A recreation of the virtual reality of the market in Pyongyang, North Korea, where Hyun Mi spent his childhood.

A recreation of the virtual reality of the market in Pyongyang, North Korea, where Hyun Mi spent his childhood. Credit: Kindness of the Ministry of Unification

Pyongyang’s recreation wasn’t exactly the way she remembered it, she said, but it was close. While Hyun looked at a snow-covered recreation of the house she grew up in, she said she was still thinking about her long-dead parents.

“The faces of my mother, father, sisters and brothers shone in my face,” she said.

Hyun remembered how crowded their eight-brother house was around the table and slipped into her father’s store to eat squid without him knowing. He saw a seafood market in Pyongyang, where he used to play rope, and the Taedong River, where he swam as a child.

Hyun still lives with the pain of leaving two of her sisters behind. She briefly joined one of them in China 20 years ago, a meeting made possible by a broker with trade ties in North Korea. Their meeting was filmed by a documentary crew and later televised. Her sister was only 6 years old when she left and would lead a much harder life.
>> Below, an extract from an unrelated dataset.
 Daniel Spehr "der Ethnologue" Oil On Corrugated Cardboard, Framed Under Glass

“If I came with you, I could have been a star singer just like you,” Hyun recalled, telling her sister at the meeting.

A recreation of Hyun Mi's house in Pyongyang.
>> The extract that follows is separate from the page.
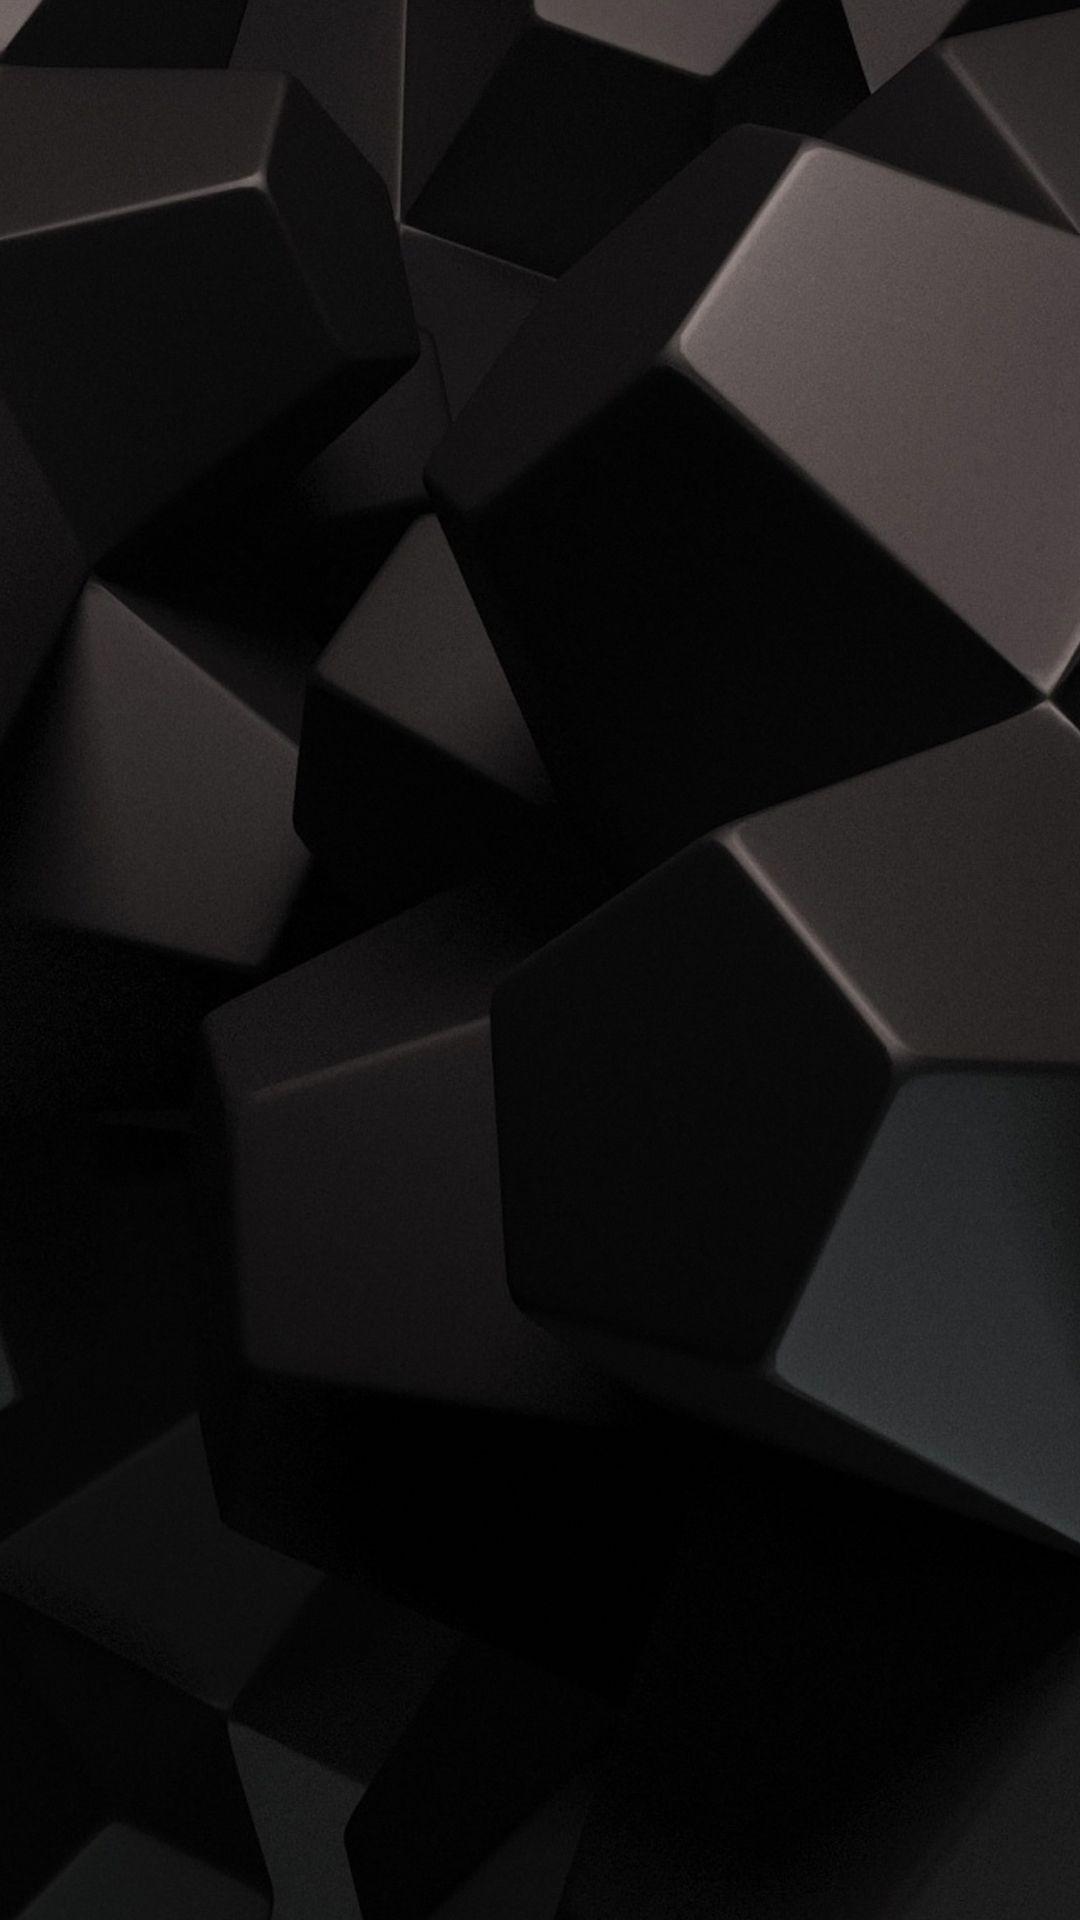 Bạn có muốn thưởng thức những hình nền đen 3D đẹp với sự kết hợp hoàn hảo giữa đen và các yếu tố khác? Hãy truy cập vào hình ảnh liên quan ngay để cảm nhận sự tinh tế và độc đáo của chúng.

A recreation of Hyun Mi’s house in Pyongyang. Credit: Kindness of the Ministry of Unification

“He was almost 60 years old, but he looked the same. I saw him lose all his hair, teeth and toenails,” Hyun added.

In the 1990s – when Hyun met her sister – North Korea was hit by a famine that killed 600,000 people, although previous estimates put the figure much higher.

“Even today, when I go to a buffet restaurant, I cry because there is so much food,” she said. “It hurts a lot to see food thrown away because it makes me think of my northern sisters.”

Future plans for refugees

Although there is no official number of North Korean refugees in South Korea, South Korea’s Unification Ministry said in its latest statistics released last month that since 1988, 133,000 people have officially registered to flee. meet the family in the north. But the chances of these meetings diminish as refugees age. As of November, 49,700 refugees had been registered still alive in South Korea.

Ahn hopes Hyun’s experience is just the beginning.

The country’s unification ministry has expressed interest in expanding the project next year to model other regions where refugees have previously lived, says Ahn. A ministry official said he was currently considering a plan, although they did not yet have a timetable. However, creating custom projects for each refugee will not be possible, he added.

Ahn’s company interviewed a number of displaced people who, like Hyun, want to be able to visit their hometown. They also want to see their family, but VR technology can’t help it – the experience doesn’t include people.

Hyun said as the virtual reality project has given her some comfort, what she really wants is the freedom to see her family members in real life.

“I don’t want much – I don’t want unification either. I would only appreciate it if we could visit each other,” she said.